Ketemu Indomaret untuk beli masker baru, ternyata eh ternyata saya nggak borong GTMan juga. Beli beberapa yang lain, GTMannya cuman beli satu, dan sampai sekarang belum dipakai itu GTMan yang beli belakangan.
Lalu mengapa saya memilih untuk memakai masker lain padahal jelas-jelas kalah nyaman dibandingkan masker GTMan?
Jawabannya sederhana banget. Pake masker GTMan bikin saya merasa seperti memakai CD di muka.

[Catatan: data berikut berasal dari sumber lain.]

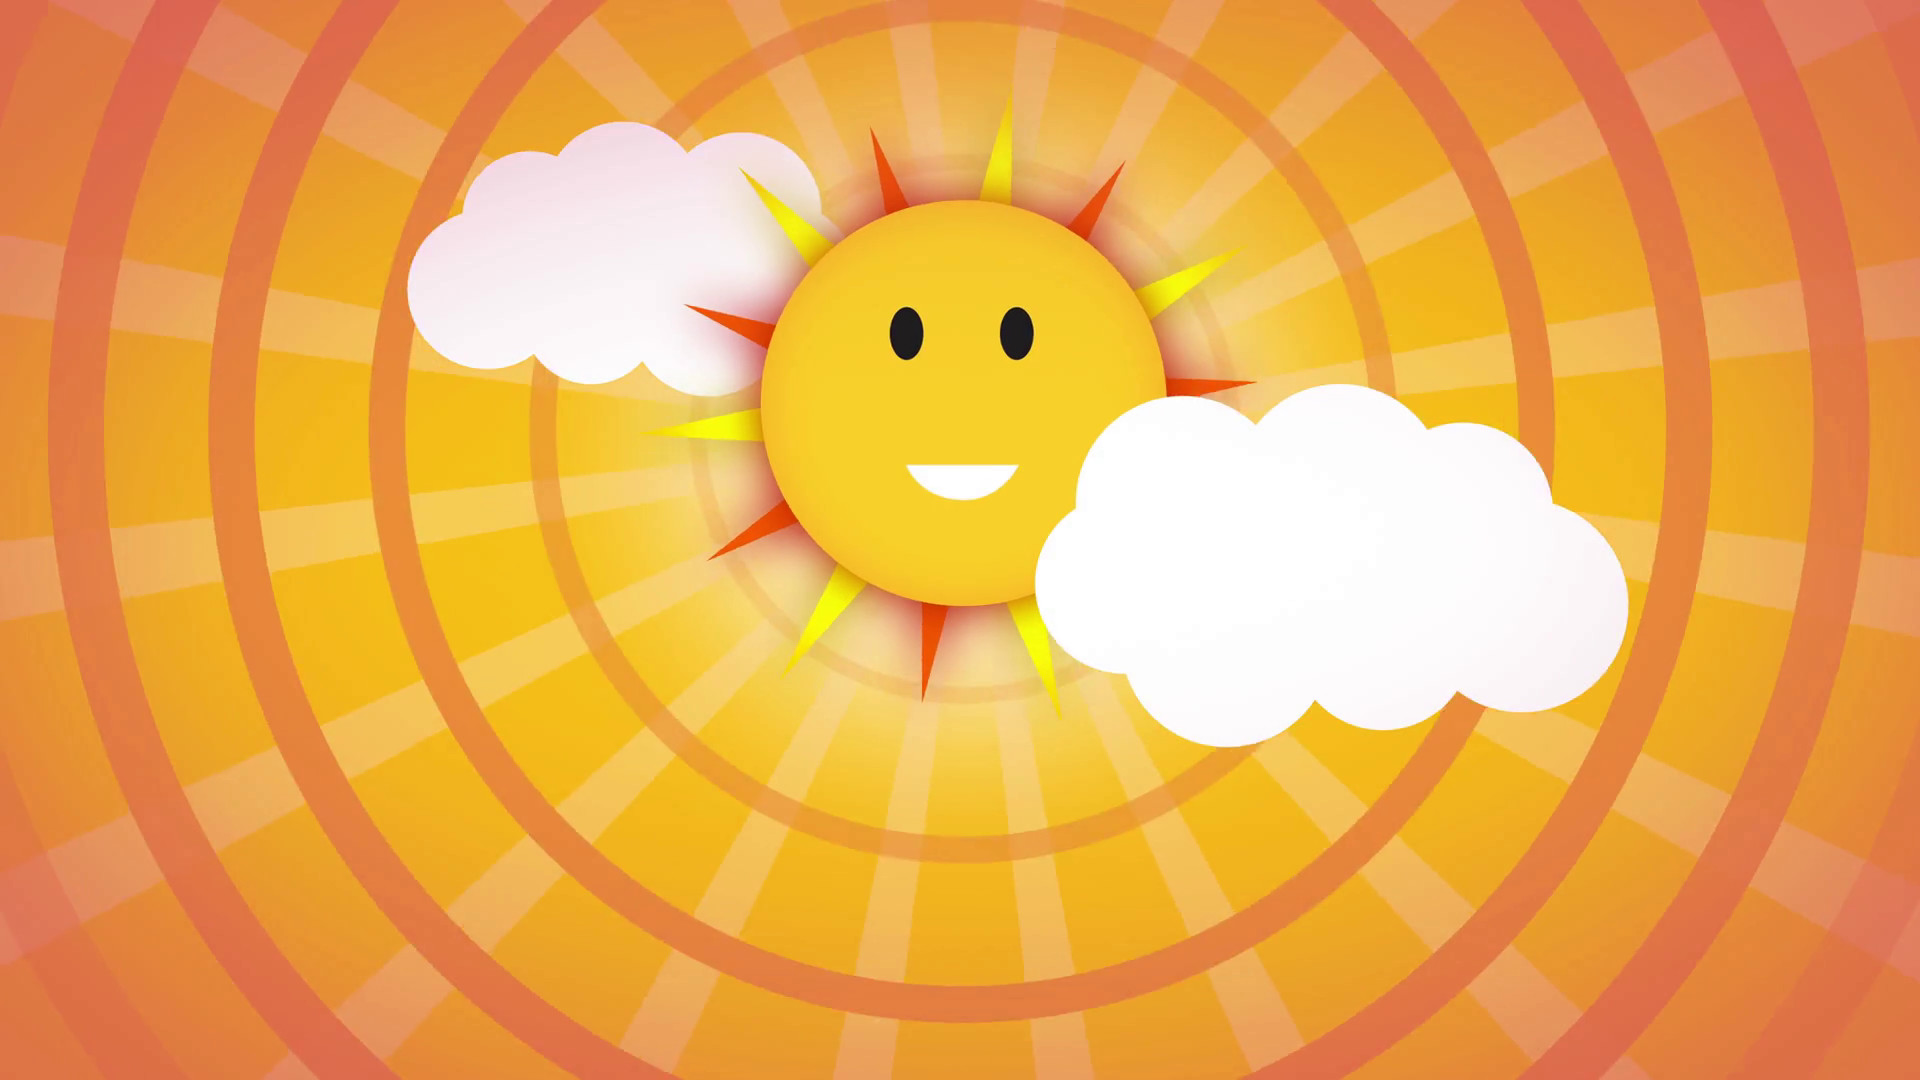 1920x1080 funny Cartoon smiling sun over yellow and orange sky with sunburst and some  clouds, animation of cute sun vs clouds loop with space for your text or  logo.
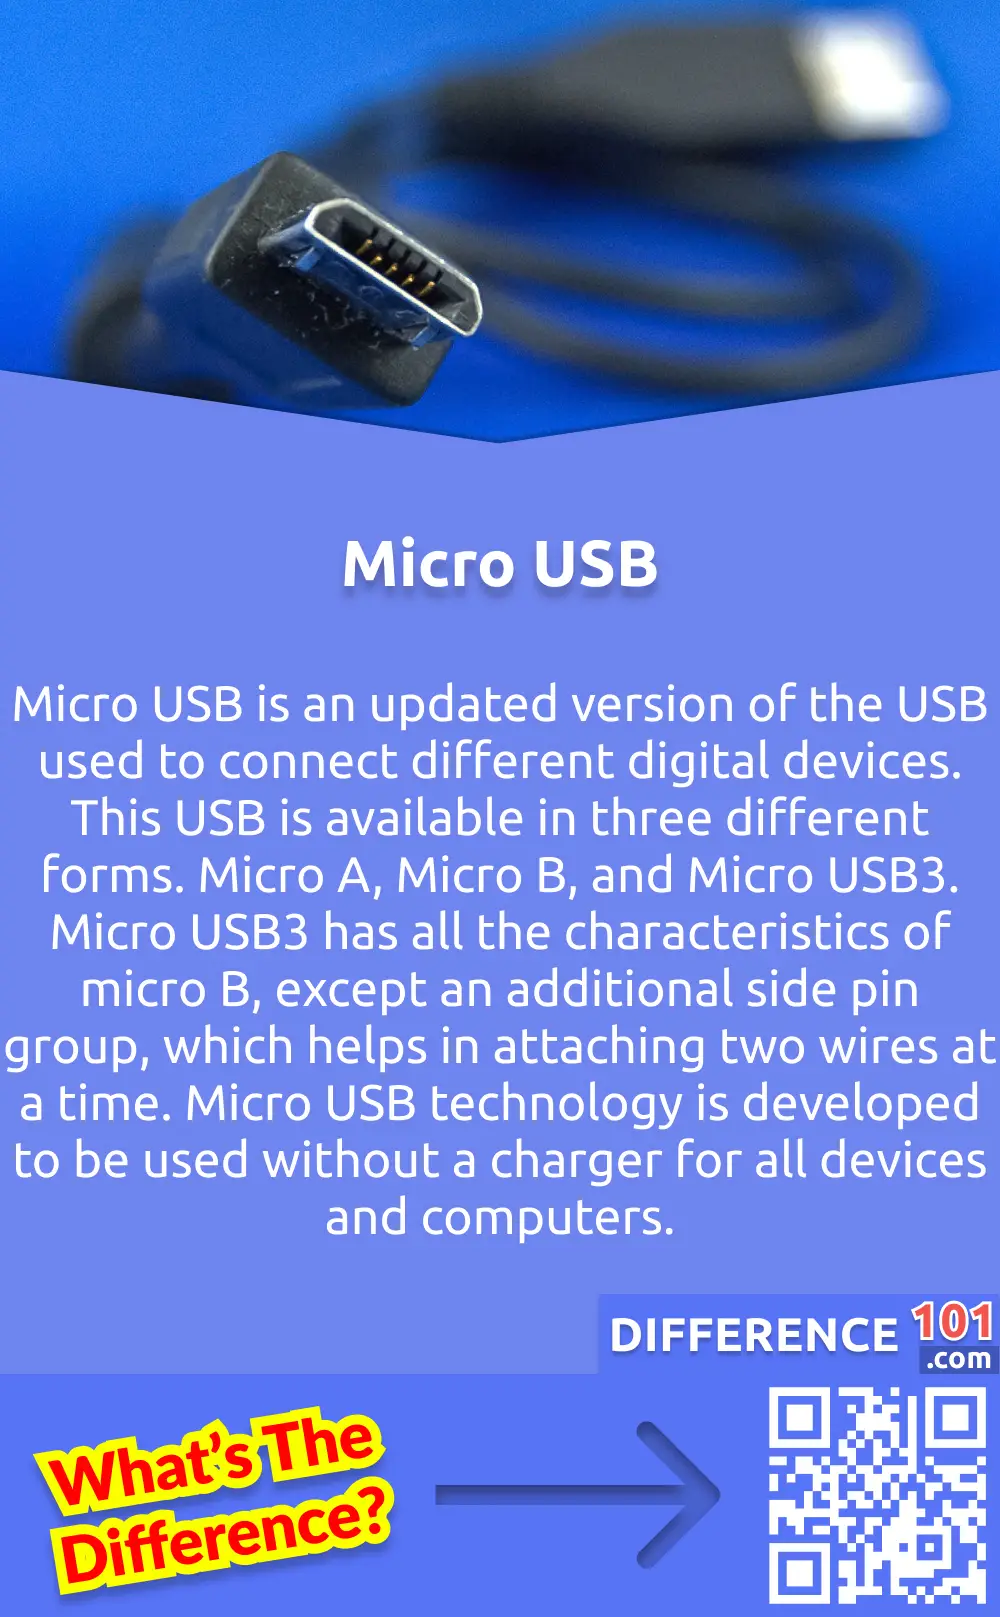 What is Micro USB? Micro USB is an updated version of the USB used to connect different digital devices. This USB is available in three different forms. Micro A, Micro B, and Micro USB3. Micro USB3 has all the characteristics of micro B, except an additional side pin group, which helps in attaching two wires at a time. Micro USB technology is developed to be used without a charger for all devices and computers.

Sepertinya ini mengkonfirmasi teori yang megajarkan pentingnya brand image. Brand image ini ternyata bukan hanya soal kualitas, tapi bagaimana konsumen mengasosiasikan merk dengan sesuatu. GTMan sudah sangat lama dikenal sebagai merk celana dalam pria. Saat mereka menjual kaus dalam, baik yang berbentuk singlet maupun oblong, rasanya OK-OK aja. Saat GTMan mulai memproduksi kaus kaki, rasanya nggak terlalu masalah juga. Lalu saat memproduksi masker koq tiba-tiba rasanya jadi beda ya? Padahal dari sisi produk, masker tidak keluar jauh sari kompetensi GTMan. Toh Sritex yang memproduksi tekstil juga memproduksi masker.
Sepertinya yang menjadi masalah adalah fungsi masing-masing produk tersebut. Meskipun bahan dan proses produksinya tidak jauh berbeda, tapi celana dalam yang dipakai untuk membugkus bagian yang berkesan kotor terasa seperti bumi dan langit dengan masker yang dipakai untuk menutup wajah, dalam hal ini hidung dan muka.
Mungkin analoginya begini. Kita bisa sante saja makan dan minum dari gelas dan piring plastik. Lalu bagaimana kalau ada orang menyuguhi kita makanan tapi alih-alih menggunakan piring, makanannya disajikan di tempat makan kucing atau anjing? Sama-sama plastik lho. Bahkan sering kali harga tempat makan anjing dan kucing yang banyak dijual di pet shop harganya jauh lebih mahal daripada piring plastik yang biasa kita pakai makan.